The Aquino administration’s political will to end impunity and human rights abuses came under scrutiny recently by Amnesty International. In its Submission to the United Nations Universal Periodic Review on Impunity for Torture, Unlawful Killings and Enforced Disappearances, the human rights watchdog said: “In November 2009, after the Maguindanao massacre, President Aquino (then a senator) issued a statement demanding the immediate revocation of Executive Order No. 546, vowing to “never again [use] public funds to support and maintain a private security force”. Two years later, however, he announced that he no longer intended to revoke it, and instead would “professionalize” the militias.

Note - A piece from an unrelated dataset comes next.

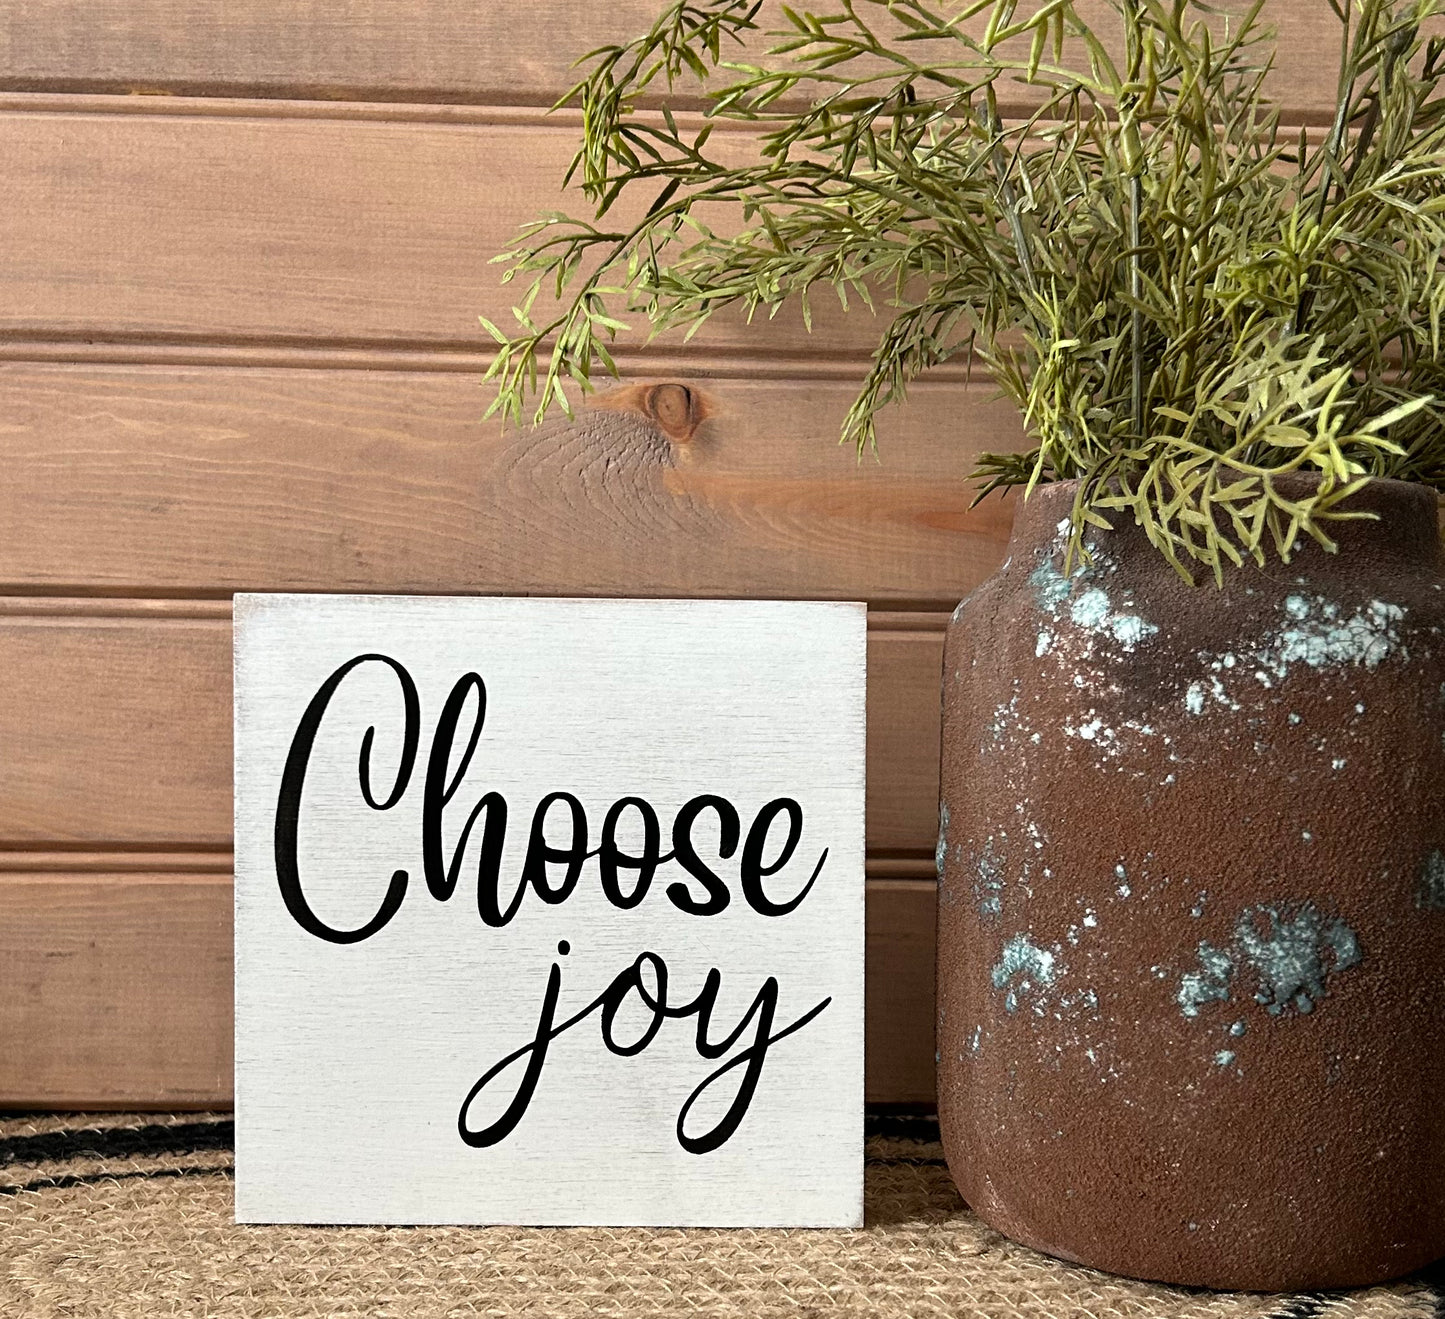 "Choose joy" wood sign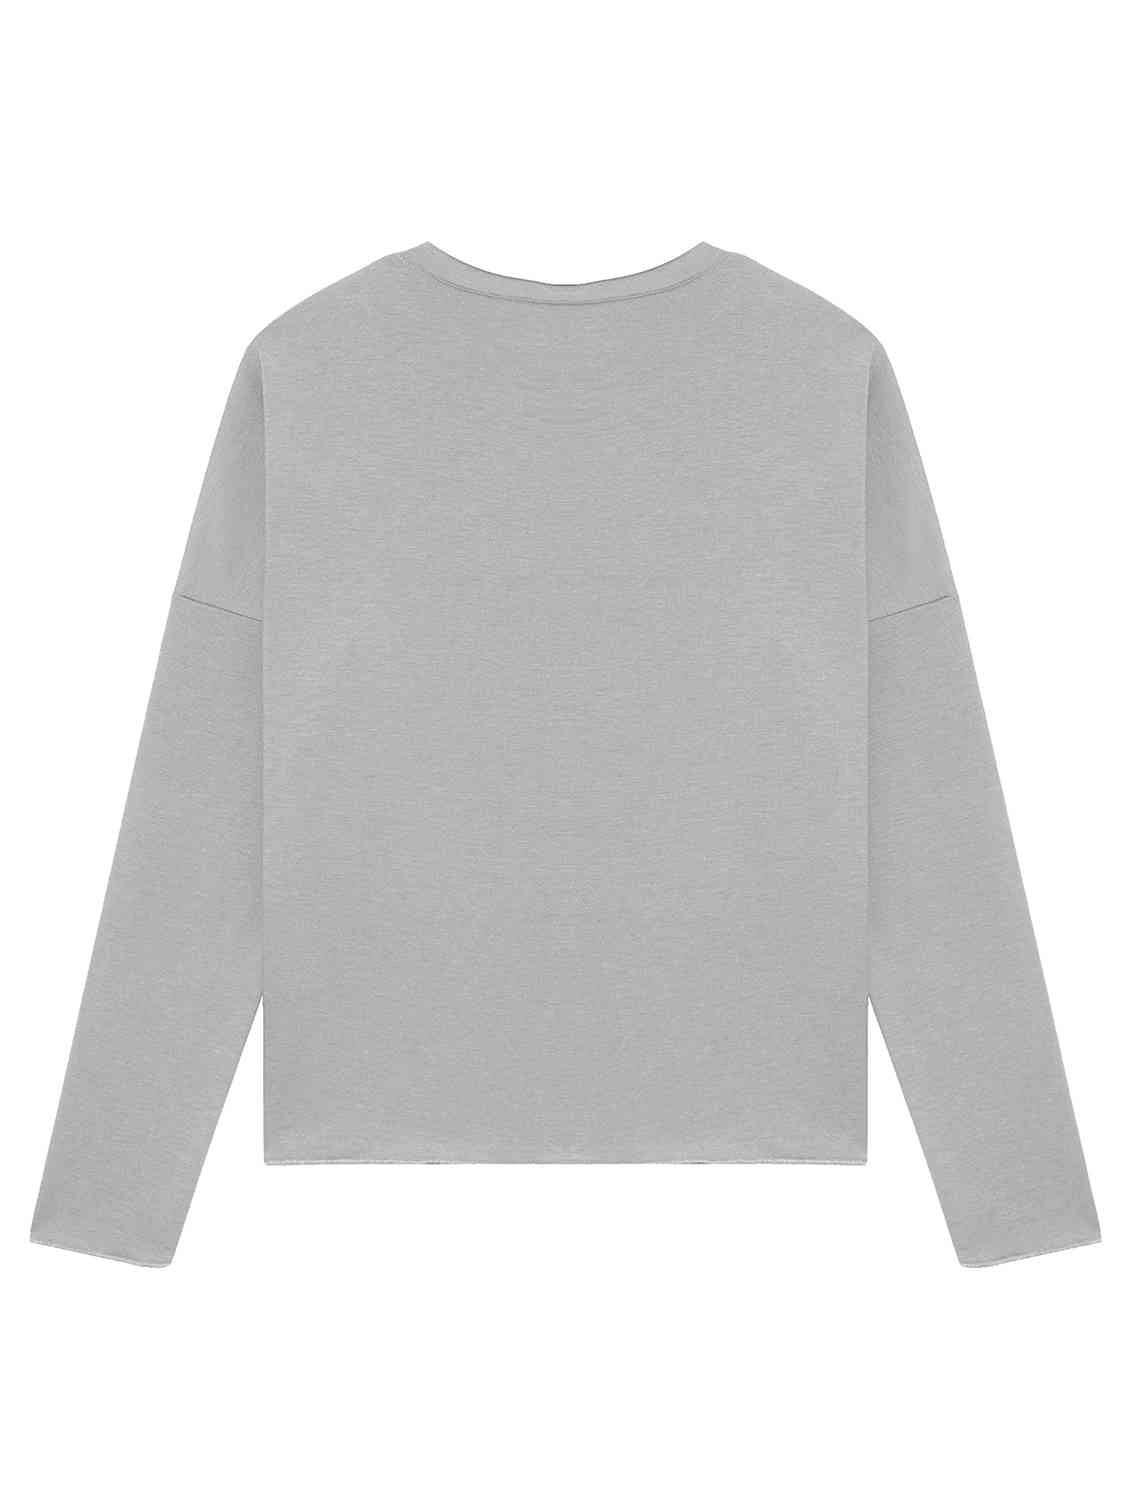 SAVE THE PUMPKIN Graphic Full Size Sweatshirt

This inconsistent human rights policy, plus the slow grind of justice, the continued existence of militias, and the failure of government authorities to pursue the perpetrators of these political killings have contributed to the continuation of the culture of impunity that Aquino, while campaigning for office and during his two state-of-the-nation addresses, vowed to end but continues to tolerate.
The Aquino administration has at least two theaters where it can show its resolve to end the culture of impunity – the Ampatuan trial and the prosecution of retired Gen. Jovito Palparan, who went into hiding after being indicted in December of two counts of kidnapping and illegal detention of UP student activists Sherlyn Cadapan and Karen Empeno in 2006. Called “The Butcher” for obvious reasons, Palparan was commanding general of the 7th Infantry Group in Central Luzon, when a series of disappearances and political killings occurred in his jurisdiction.
While Aquino pressed the House of Representatives to impeach his nemesis, Chief Justice Renato Corona, and is now doing everything to pressure the Senate to convict him, he has not lifted a finger to hasten the trial of the Ampatuans nor order the military to intensify its manhunt for Palparan. This inconsistency in pursuing justice is not helping Aquino’s reform agenda, and is sending the wrong signals to both the perpetrators and victims of these political killings and other human rights violations.
The immediate prosecution and conviction of the Ampatuans and Palparan would boost Aquino’s campaign to put an end to the culture of impunity in the country, and send warnings to other would-be human rights violators that their acts would not be tolerated and go unpunished.
Being the son of the foremost victim of political killing, the late martyr Sen. Ninoy Aquino, and the icon of democracy, the late former President Cory Aquino, it is incumbent upon Aquino to start taking action against these political murders and human rights abuses.
But can we expect this from someone whose family’s guards met protests of Hacienda Luisita farmers with bullets and truncheons? Can we expect this from a man who finds delight in pulling the trigger of a gun even it’s just aimed at a non-human target? I certainly hope so.